In an in vivo Comet assay conducted in accordance with OECD Guideline 489, male Wistar Han rats (6 animals/dose group) were exposed orally to 3-decen-2-one (99.5% purity) by gavage on two occasions, the second dose being administered approximately 24 hours after the first dose and 3 hours before tissue sampling. A preliminary toxicity test demonstrated that a dose of 2000 mg/kg bw/day was tolerated. No substantial differences in toxicity between sexes were observed in the preliminary toxicity test, therefore, in line with current guidelines, the main test was performed using male animals only. Based on the results, dose levels of 500, 1000 and 2000 mg/kg bw/day were selected for the main study.
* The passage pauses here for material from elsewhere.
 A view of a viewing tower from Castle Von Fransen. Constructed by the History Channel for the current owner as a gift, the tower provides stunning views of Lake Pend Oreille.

The vehicle control group received purified water and the positive control group ethyl methanesulphonate at 200 mg/kg bw. Cell suspensions from the liver and duodenum tissues were obtained from male animals in the vehicle control group and in each of the test substance groups 3 hours after administration of the second dose. Cell suspensions from male animals in the positive control group were obtained approximately 3 hours after a single dose.
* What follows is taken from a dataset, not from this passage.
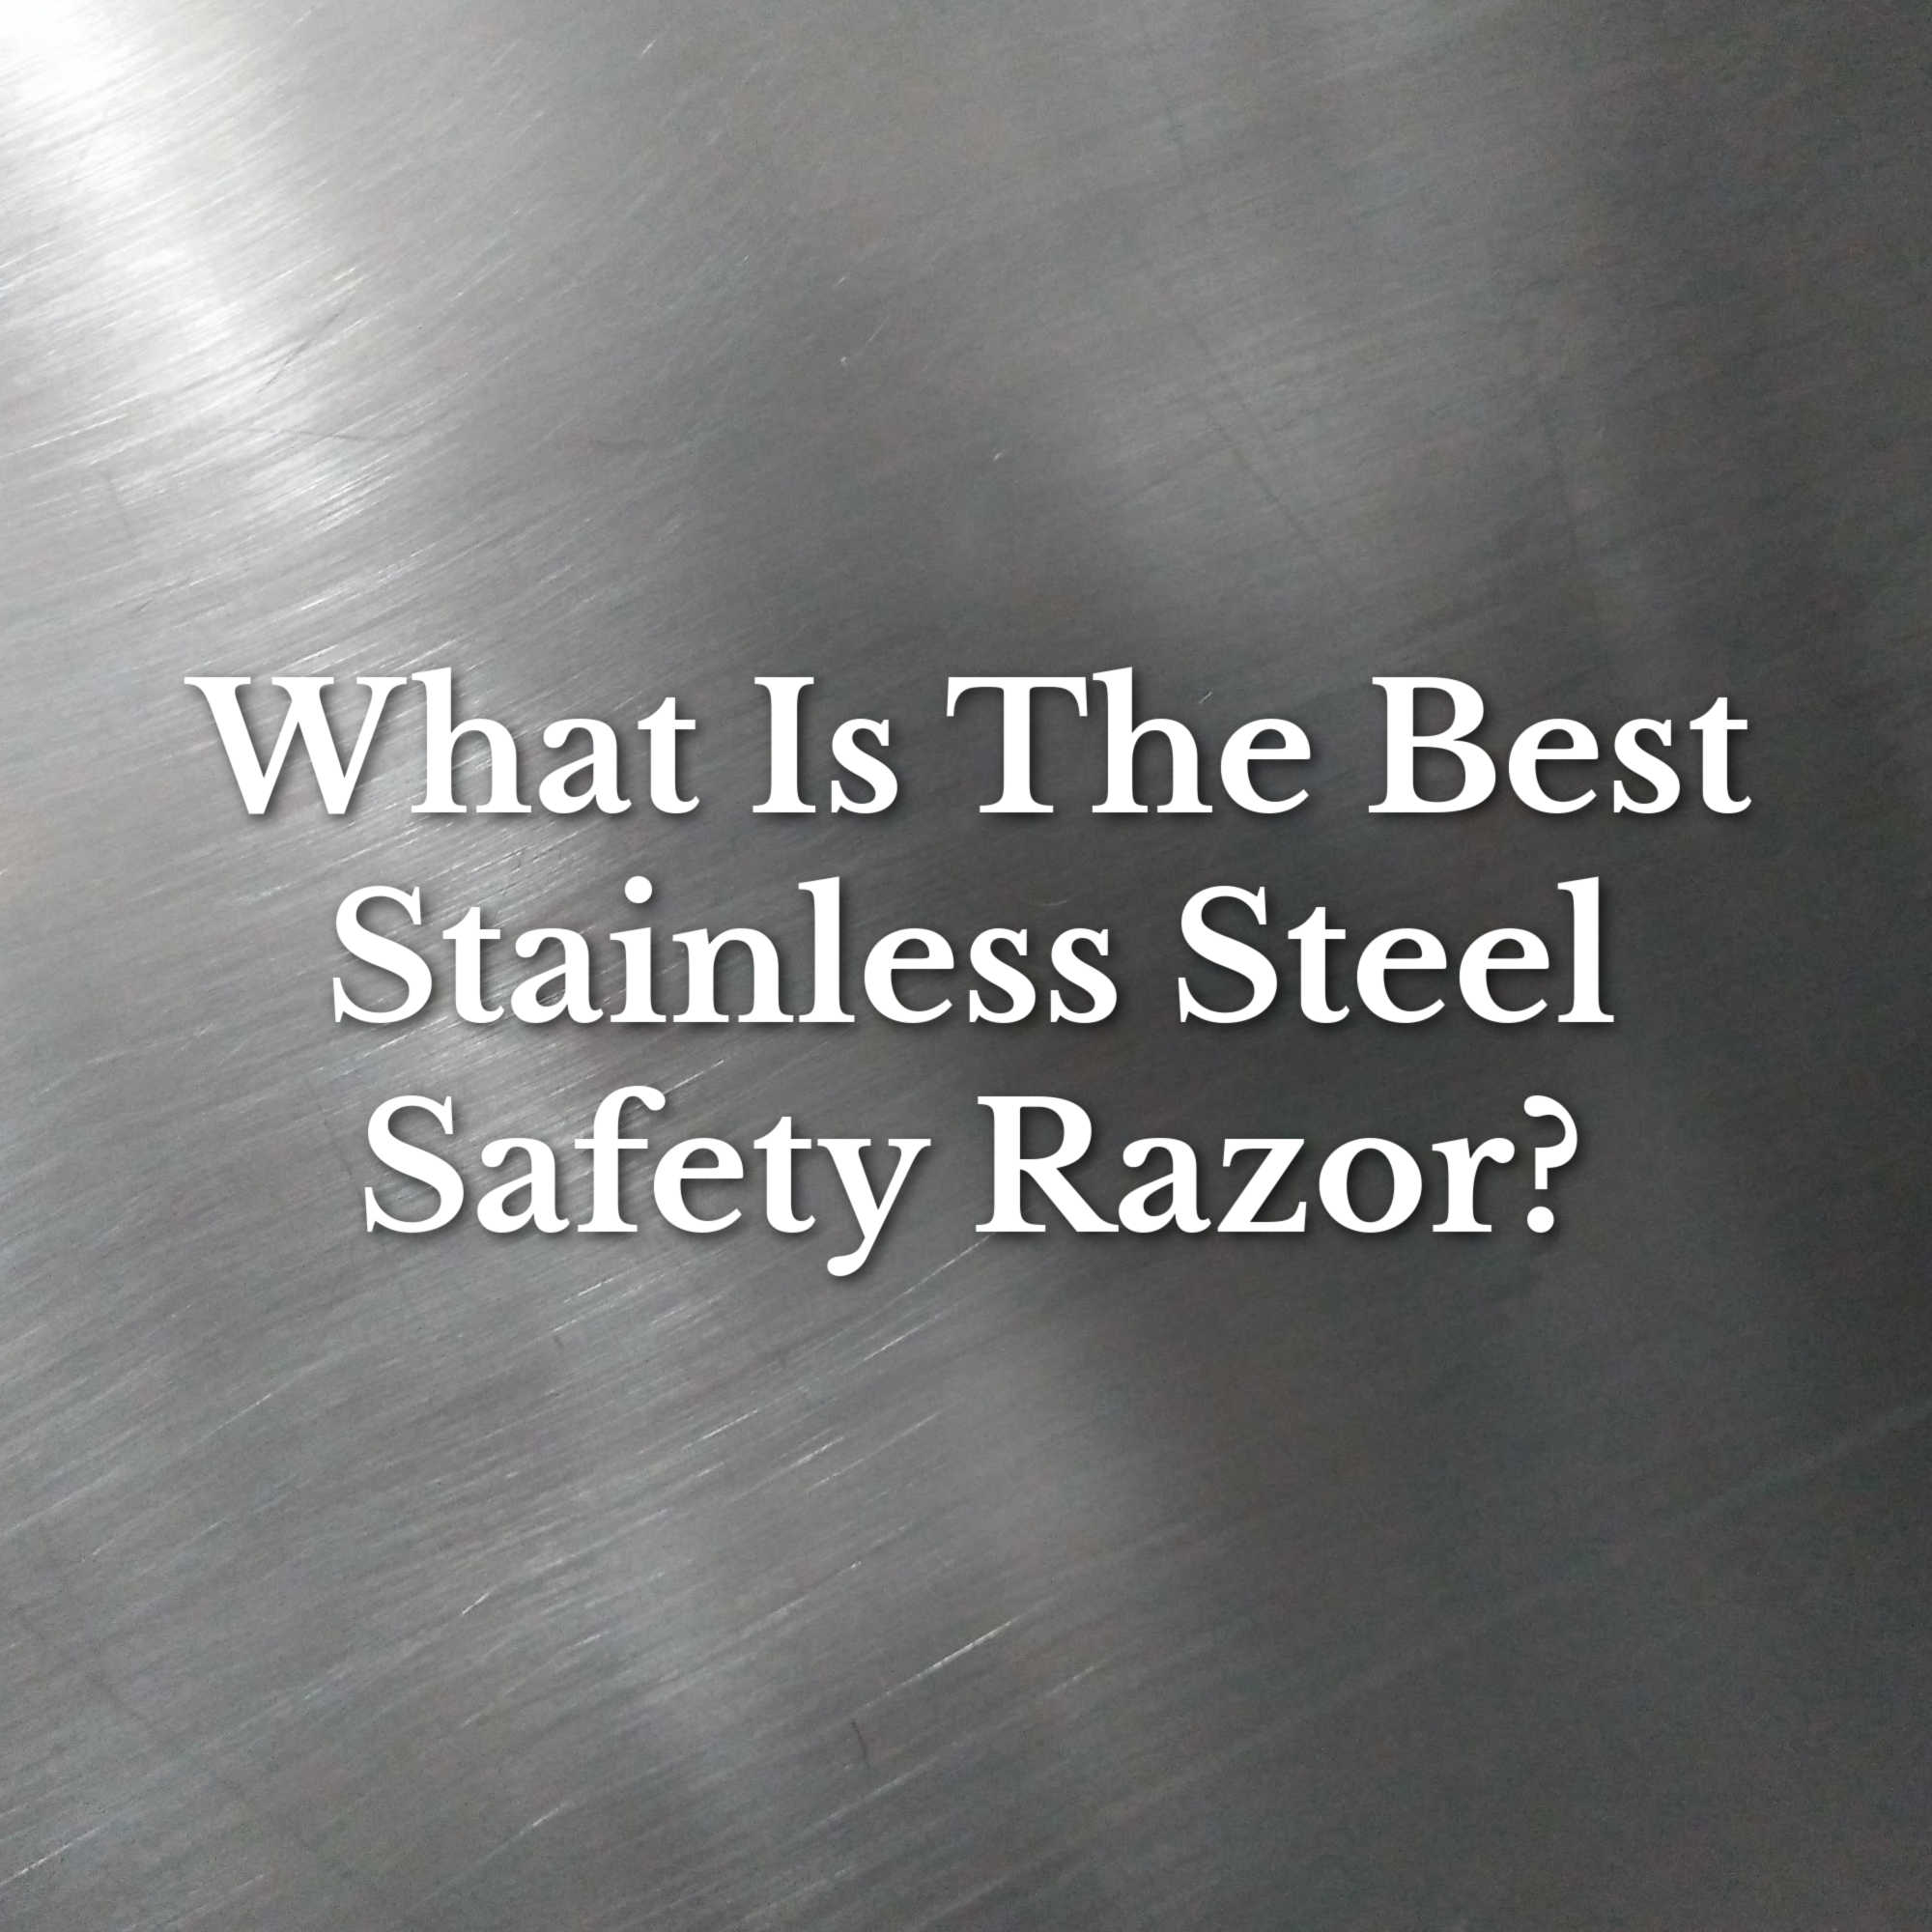 what is the best stainless steel safety razor

Following electrophoresis, three slides per animal per tissue were analysed for comets by assessing 150 morphologically normal cells. DNA strand breaks were assessed by comparing the mean and median % tail intensities from (3E)-dec-3-en-2-one treated animals compared to vehicle control values.
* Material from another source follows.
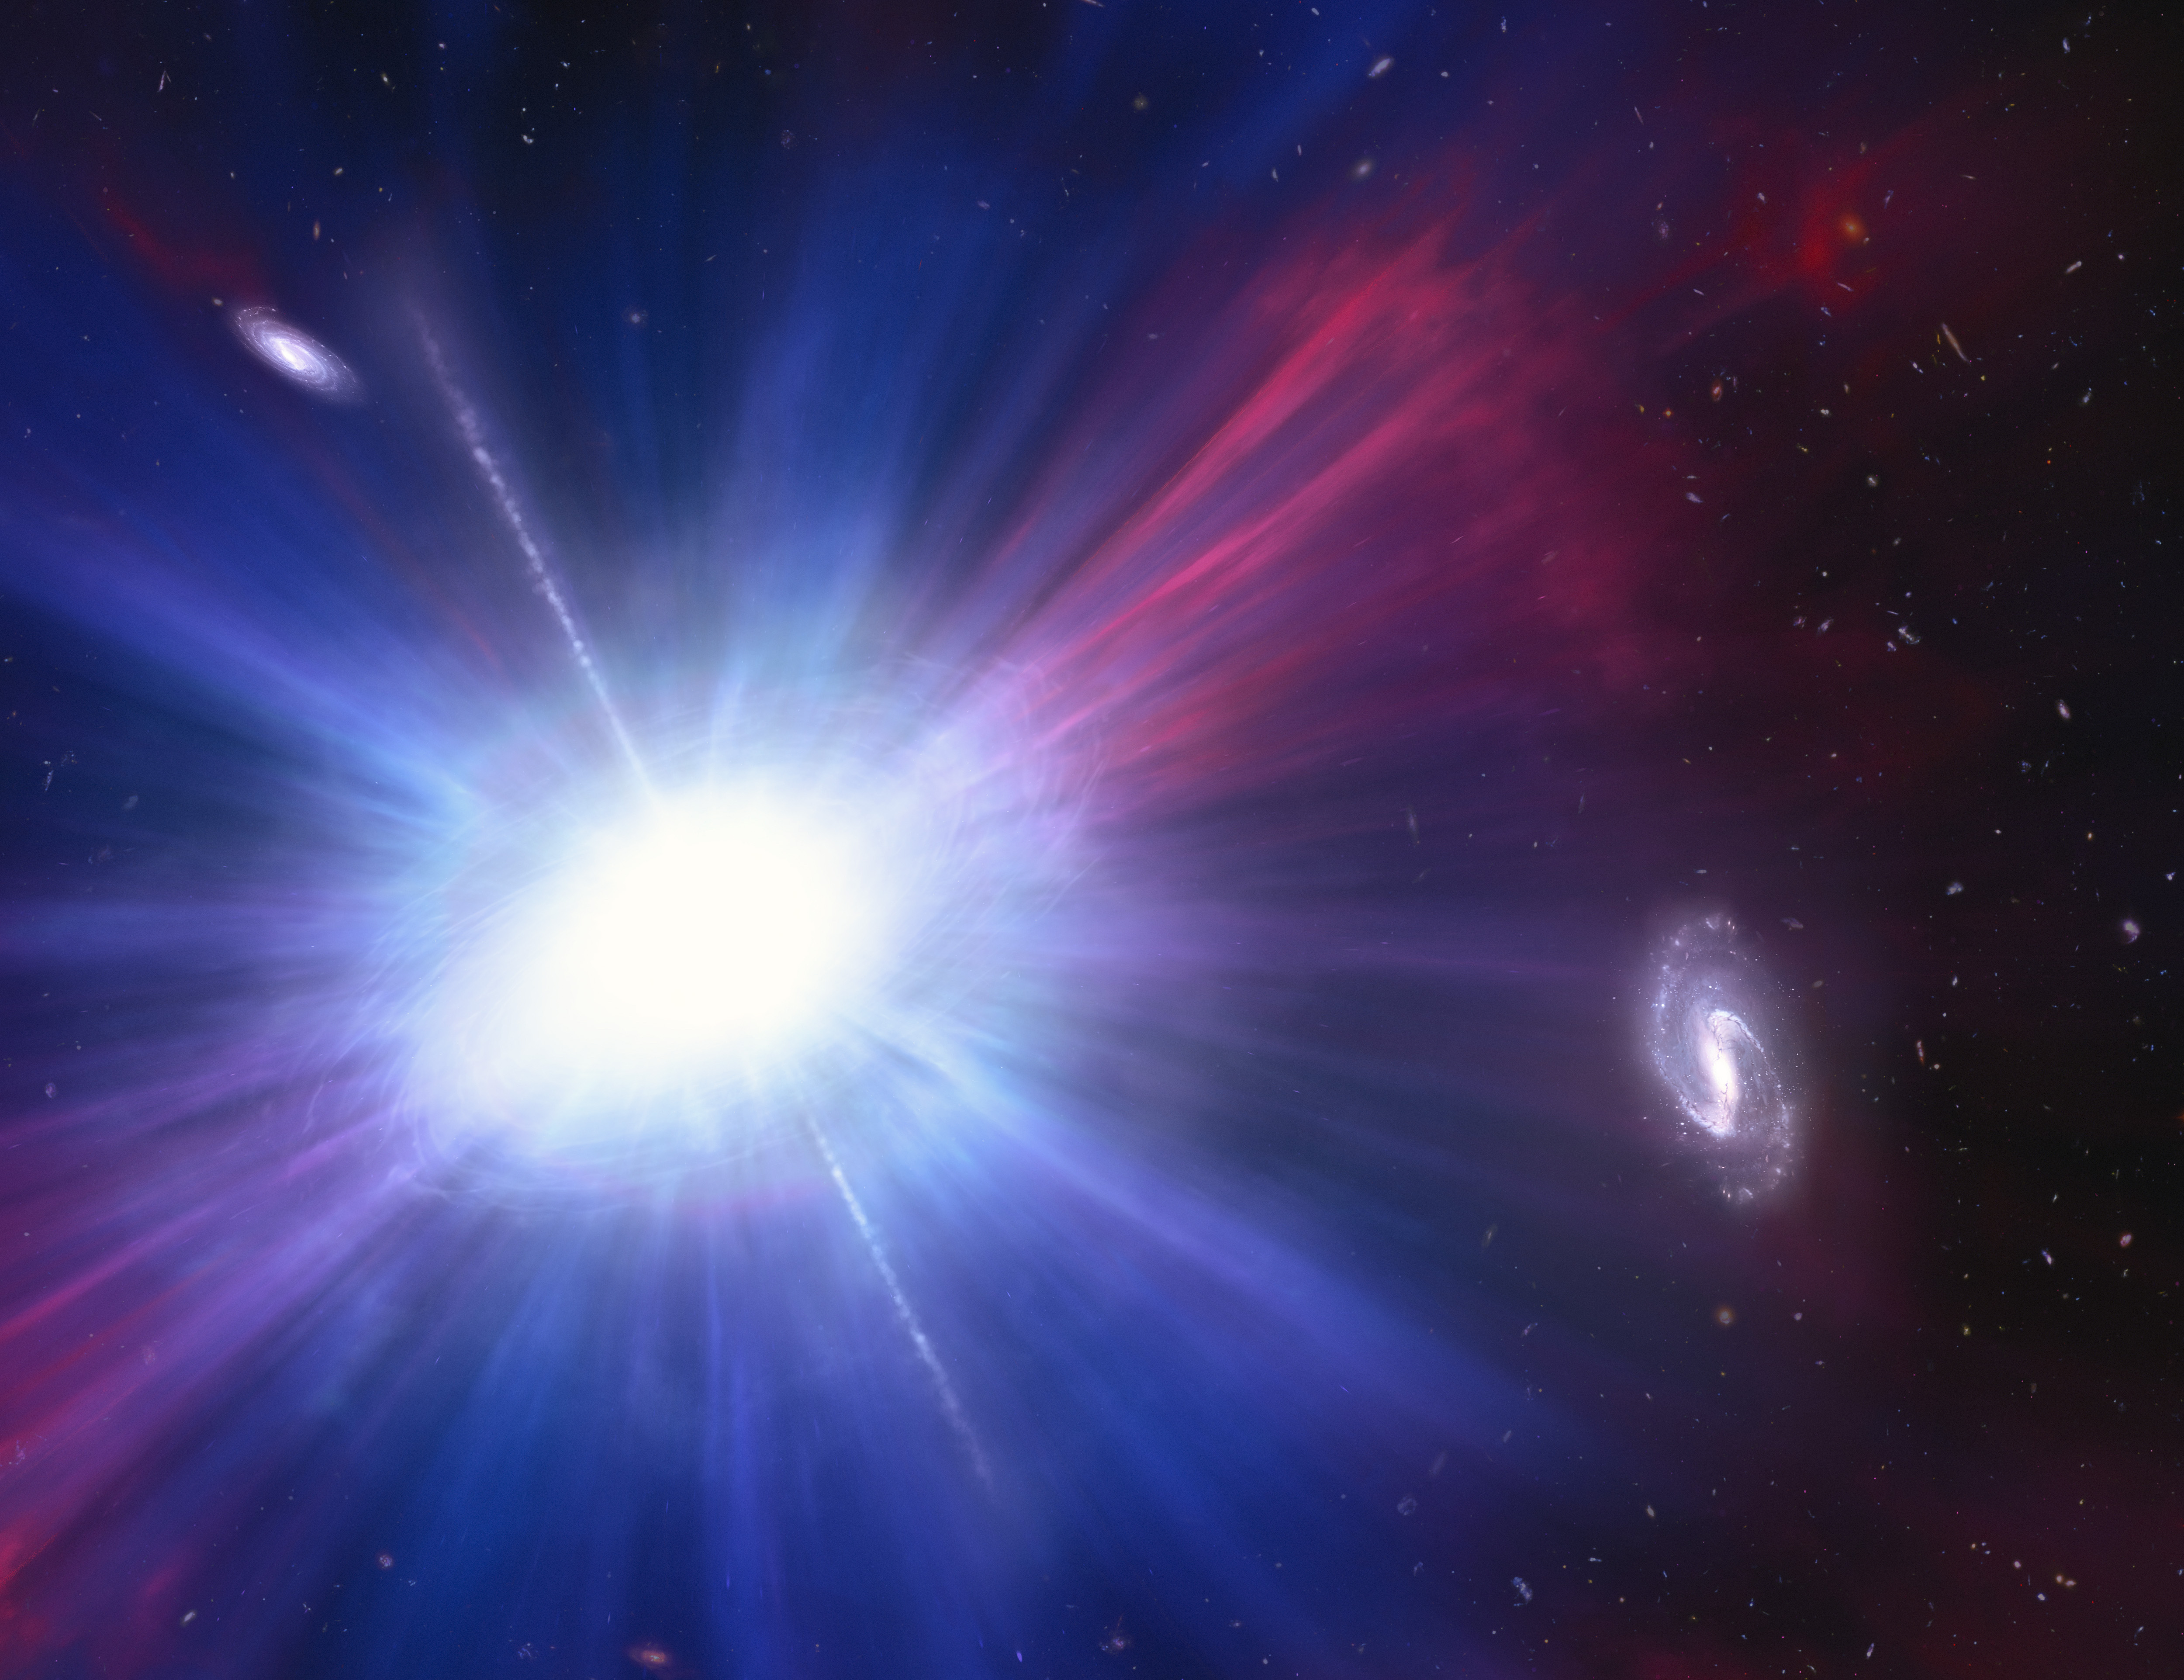 An artist’s representation of one of brightest explosions ever seen in space, an LFBOT. Called a Luminous Fast Blue Optical Transient (LFBOT). Credit: NASA, ESA, NSF's NOIRLab, Mark Garlick , Mahdi Zamani

No statistically significant increases in the median % tail intensity were observed in either the duodenum or liver of male Wistar Han rats administered (3E)-dec-3-en-2-one at any dose level, compared to vehicle control values. The positive control compound produced statistically significant increases in the median % tail intensity in the duodenum and liver (p< 0.001) when compared to vehicle control values, showing the validity of the experiment.

No “hedgehog” or “ghost” cells were observed in either the duodenum or liver of male Wistar Han rats administered (3E)-dec-3-en-2-one at any dose level, compared to vehicle control values.

It is concluded that (3E)-dec-3-en-2-one did not demonstrate any evidence of causing an increase in DNA strand breaks or cytotoxicity in either the duodenum or liver of male Wistar Han rats when administered orally in this in vivo Comet test.